— Что было, то прошло! — сказал Нанда. — Теперь по крайней мере нам можно говорить и шевелиться. Скучно ведь так долго притворяться, что тебя нет!
— Не понимаю, как ты можешь говорить о скуке! — возразил Шридаман. — Есть ли на свете большее блаженство, чем всецело предаться созерцанию красоты и жить только в ней? Я затаил дыхание и так готов был сидеть все время. Не из страха, что она исчезнет, а из страха вспугнуть ее чувство одиночества, над которым я так дрожал и перед которым так святотатственно провинился. Ситой, ты говоришь, зовут ее? Я рад, что это узнал, меня утешает в моем прегрешении, что теперь я хоть про себя могу ее почтить ее именем. Так ты качал ее на качелях?
— Да, я же сказал тебе, — подтвердил Нанда. — Ее избрали девой Солнца прошлой весной, когда я был в их деревне, и я ее качал во славу Солнца до самого неба, так что с высоты едва было слышно, как она взвизгивает! А может, ее голос терялся в общем визге.
— Да, на такие дела ты мастер, — сказал Шридаман. — Впрочем, ты на все руки мастер! За сильные руки тебя и выбрали ее качальщиком. Я прямо вижу, как она взлетает до самого синего неба. Крылатый образ моего воображения сливается с недвижным и склонившимся в молитвенном поклоне образом, который мы подсмотрели.
— Что ж! У нее есть причина молиться и каяться, — перебил его Нанда, — не в дурном поведении, конечно, Сита девушка добропорядочная, а во внешнем своем обличье, впрочем, за него она не отвечает, хотя, строго говоря, она в нем все-таки повинна. Говорят, такое благообразие подобно оковам. Почему, собственно, оковам? Да потому, что она приковывает нас к миру вожделений и радостей, человек, который ее увидел, еще сильнее запутывается в тенета сансара и теряет свой светлый разум, у него все равно что дух захватило. Таково воздействие красоты, хоть и непреднамеренное. Но вот то, что девушка, удлиняя себе глаза, придает им форму лепестка лотоса, уже говорит о преднамеренности. Можно, конечно, сказать: «Благообразие дано ей свыше, она не по своей воле восприняла его, так зачем же ей молиться, в чем каяться?» Но так ли уж велика разница между «получить» и «воспринять»? Сита сама это знает, а потому и кается в том, что налагает на нас оковы. Но ведь благообразие-то она приняла не просто, как принимают то, что тебе дают, а с полной готовностью, и тут не поможет никакой очистительный обряд. Она вышла из воды все с тем же прельстительным задом.

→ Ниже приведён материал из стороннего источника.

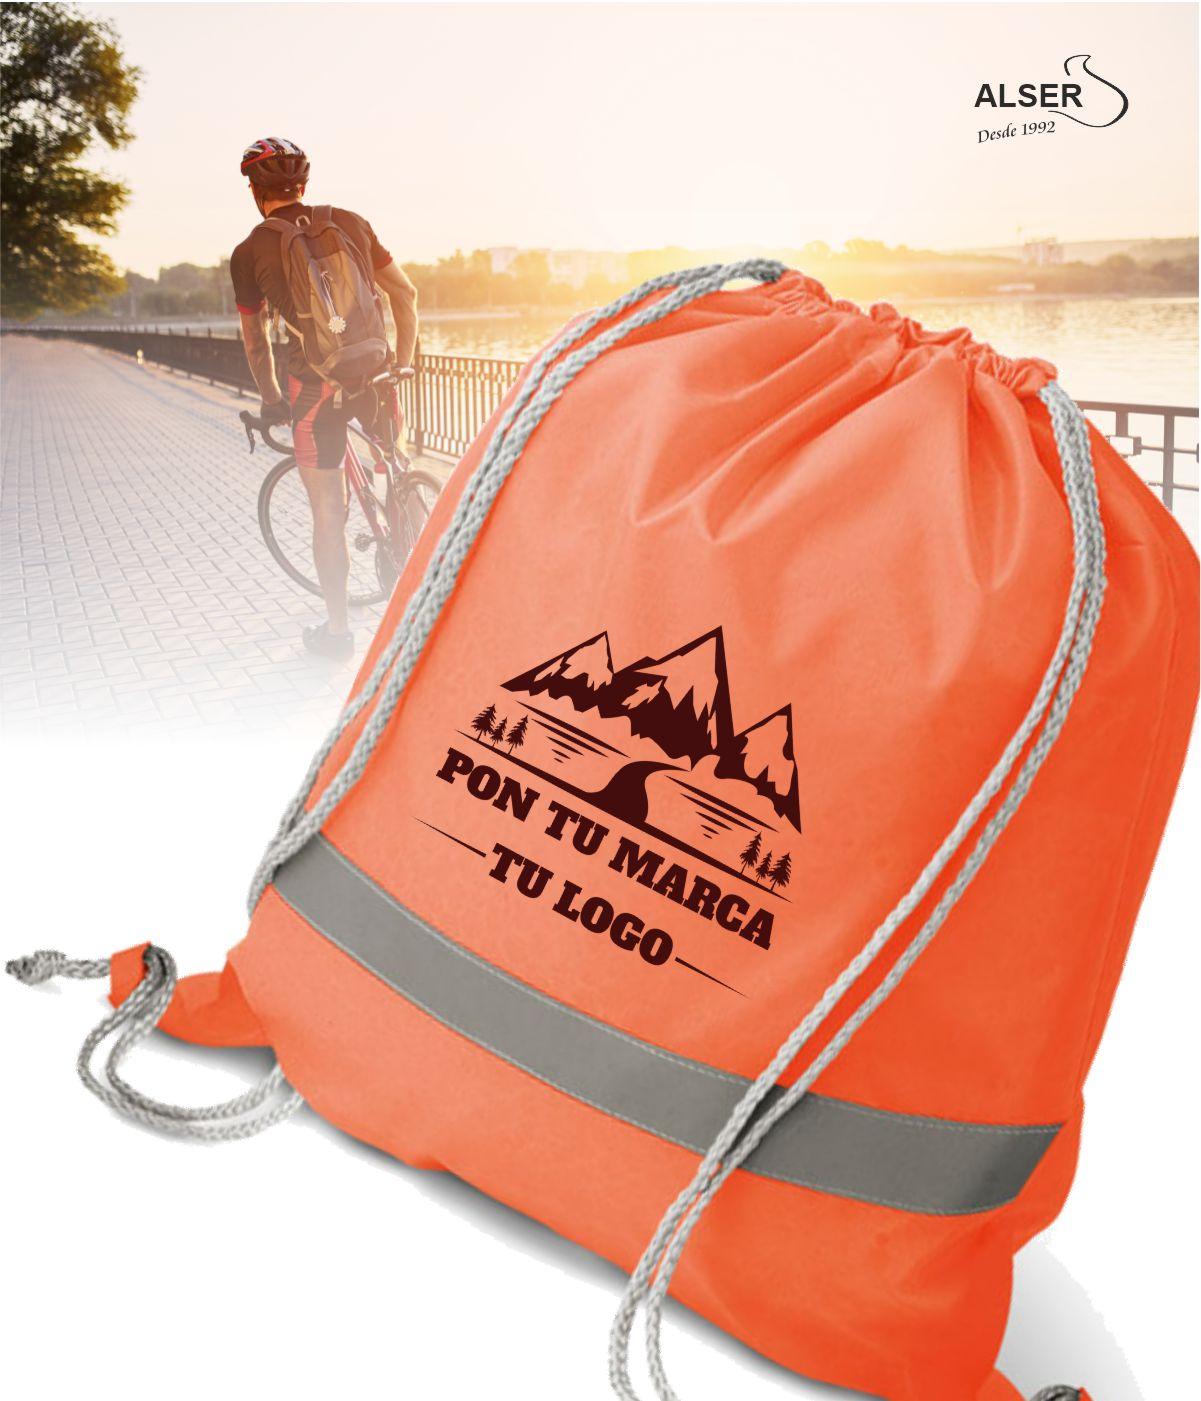 Mochila saco reflectante para publicidad. Colores naranja

— Не говори так грубо о столь нежном и светлом явлении, — осадил его Шридаман. — Хотя ты и усвоил кое-что из учения о сущем, но выражаешься, позволь тебе заметить, по-мужицки; и из того, как ты все повернул, явствует, что ты был недостоин этого явления. Ведь в нашем случае все сводилось к тому и от того зависело, оказались ли мы его достойными и с чистой ли душой ему внимали.
Нанда смиренно выслушал порицание.
— Так научи же меня, дау-джи, — сказал он Шридаману, величая его «старшим братом». — Скажи, в каком душевном состоянии ты внимал этому явлению и в каком тем самым надлежало внимать ему мне?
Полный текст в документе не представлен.